First, expecting no one to come back with a light-hearted response to a question like this is pretty ambitious - my response was a mixture of joke and validity - take it as you want. Second, as JB pointed out, you didn't make any qualification as to whom you were polling for responses. I own 4 acoustics. One is an old Fender that was the first decent acoustic I owned - I keep it out of sentimentality. The others are higher end guitars with different tones - they play different roles in my recording/writing efforts. Among them, one is aged and ridden a little harder, so it also doubles as a bar-beater/social guitar. I could own one guitar and be content, but not as well-served and not as happy as I am owning more than that.


----------



## Mooh (Mar 7, 2007)

One guitar is like having one shoe, you can take a step but you can't go as far, or as well. Nevertheless, some folks can be perfectly content this way.

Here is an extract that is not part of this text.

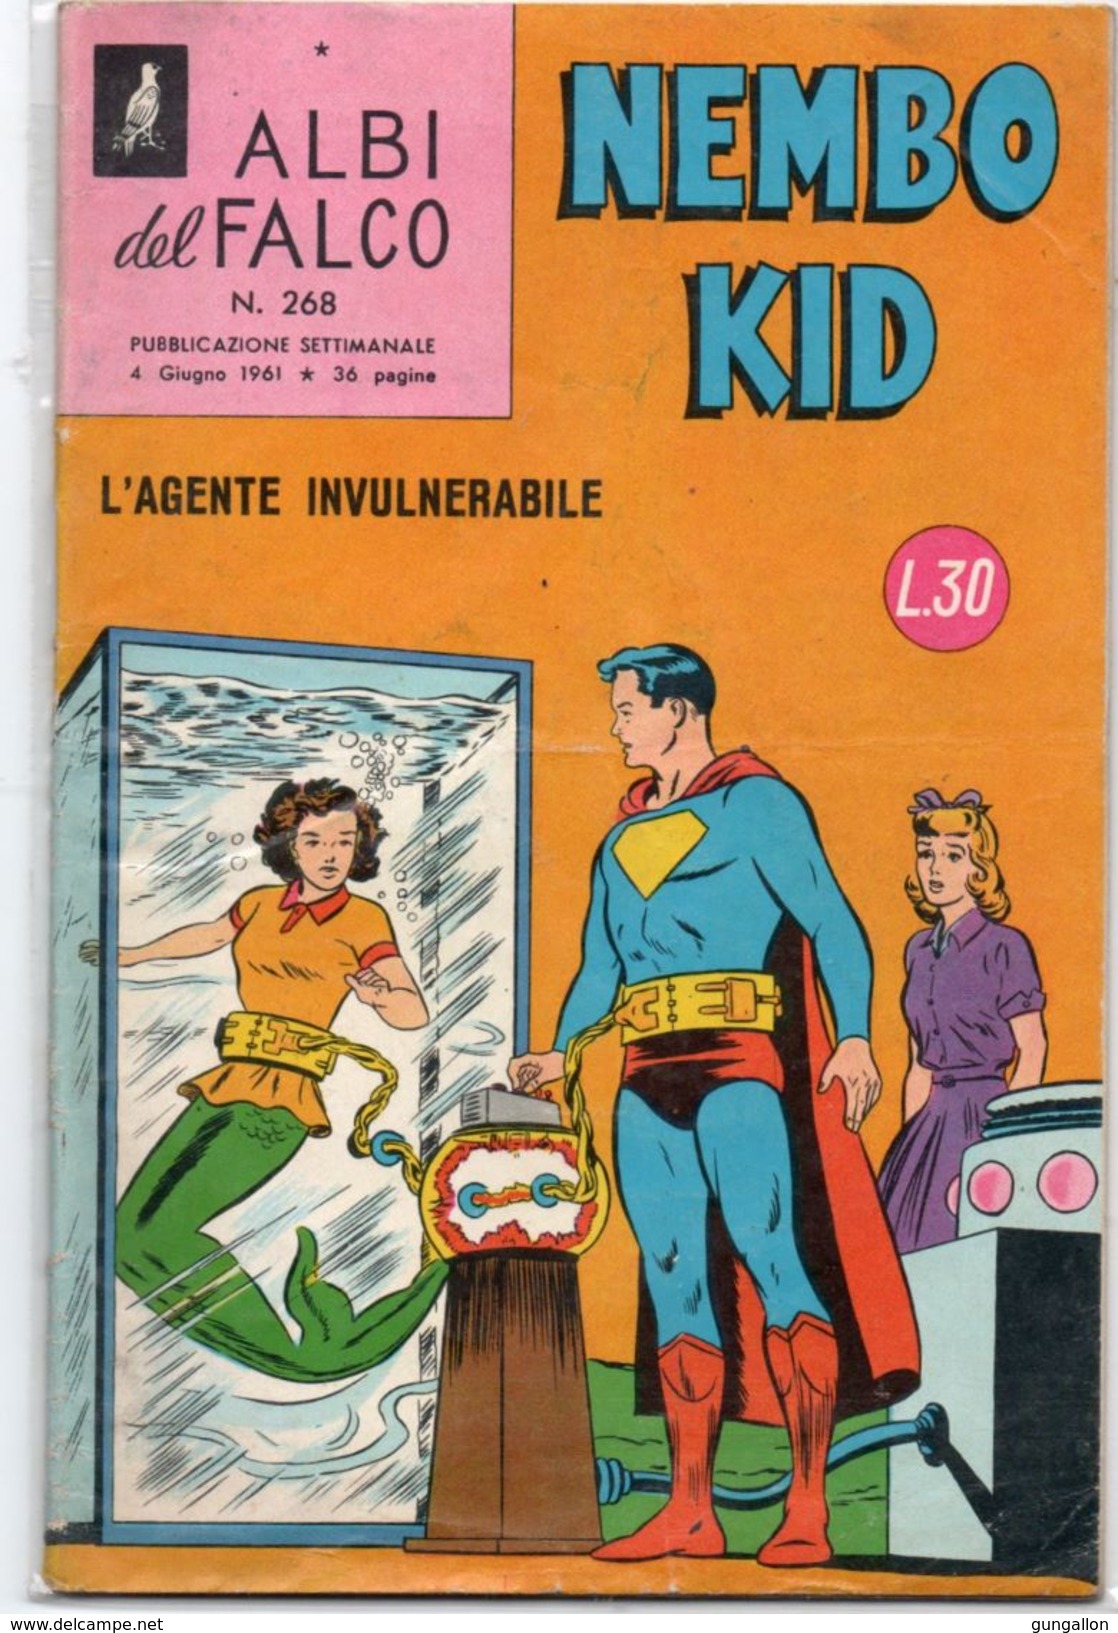 Albi Del Falco "Nembo Kid" (Mondadori 1961) N. 268 - Super Eroi

I know a guy who uses the same fishing rod for downrigging as he does for casting surface baits, it does neither thing well. Regardless, he's happy.

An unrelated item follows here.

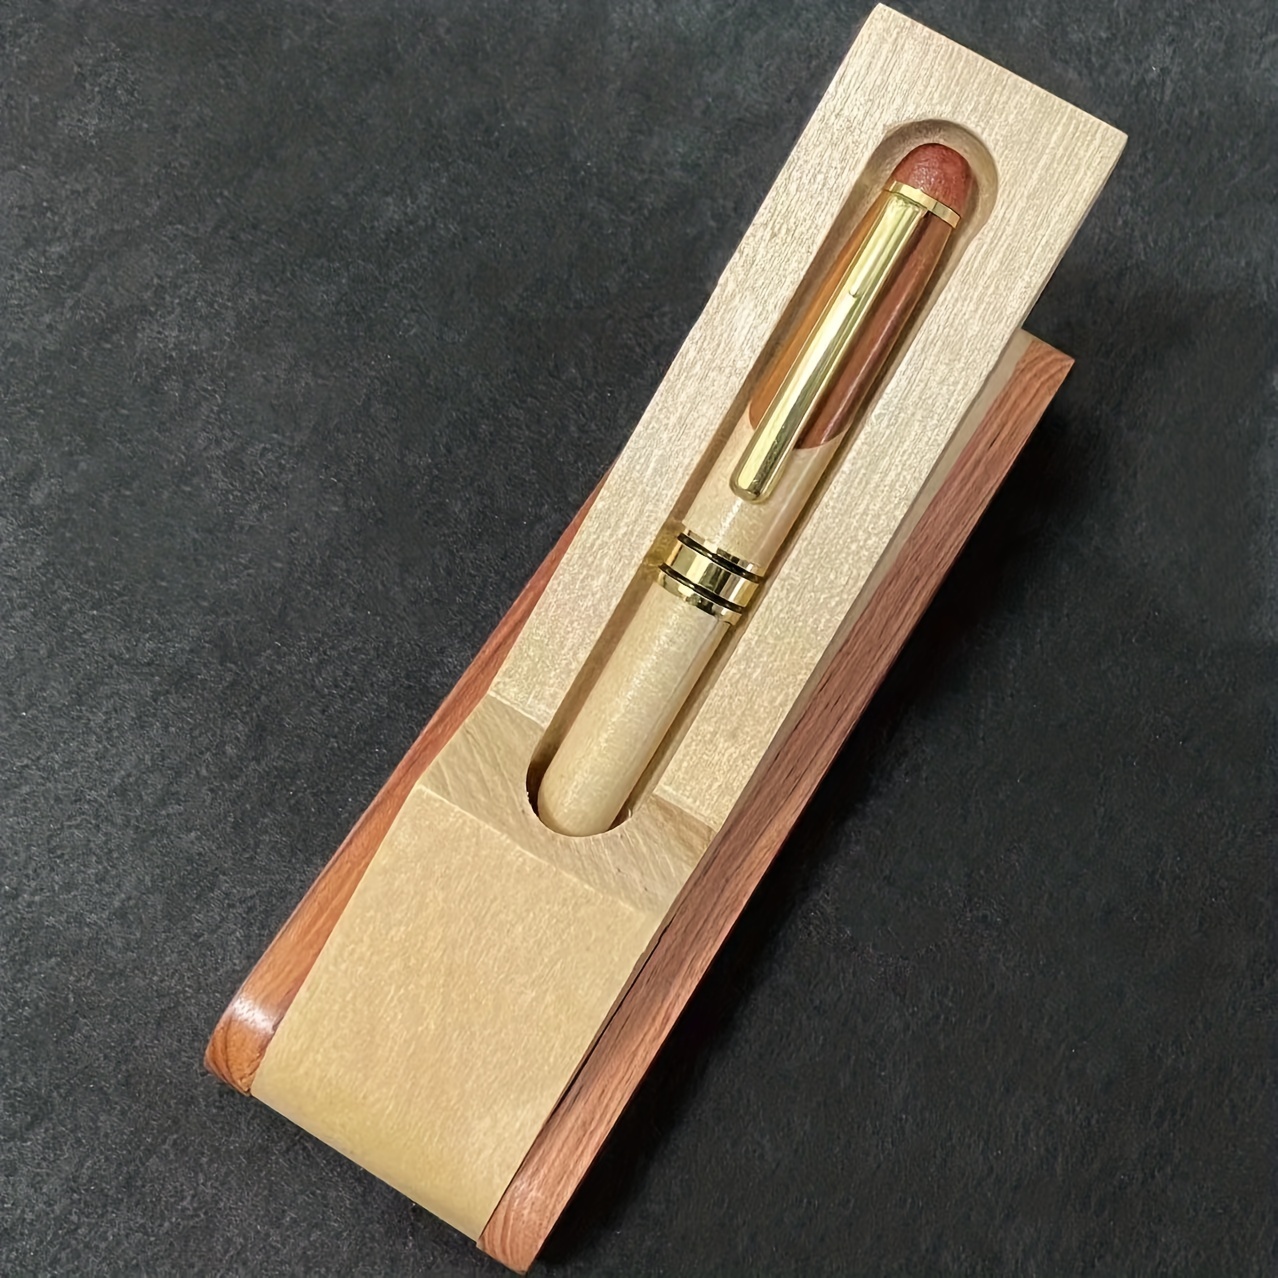 Wood Pen Set in Gift Box

Whether guitars (and other instruments) or fishing rods, whatever floats your boat, right?

Peace, Mooh.


----------



## High/Deaf (Aug 19, 2009)

This is a guitar forum. 2 guitars? Better than 1. And 1 guitar is better than none. But 13 is better than 12.

If the title was "Why it's good to have 2 Ferrari's" or "Why it's good to have 2 indoor swimming pools", you may have had a point about waste and conspicuous consumption. But guitars are cheap and easy to store. Shit, my gf owns 2 guitars - and she doesn't even play. I think 2 guitars is like the number 0, just a place-holder or starting point. But that's just me - I know I'm probably the only like this - on a gear-related guitar forum!


----------



## bzrkrage (Mar 20, 2011)

High/Deaf said:


> This is a guitar forum. 2 guitars? Better than 1. And 1 guitar is better than none. But 13 is better than 12.
> 
> If the title was "Why it's good to have 2 Ferrari's" or "Why it's good to have 2 indoor swimming pools", you may have had a point about waste and conspicuous consumption. But guitars are cheap and easy to store. Shit, my gf owns 2 guitars - and she doesn't even play. I think 2 guitars is like the number 0, just a place-holder or starting point. But that's just me - I know I'm probably the only like this - on a gear-related guitar forum!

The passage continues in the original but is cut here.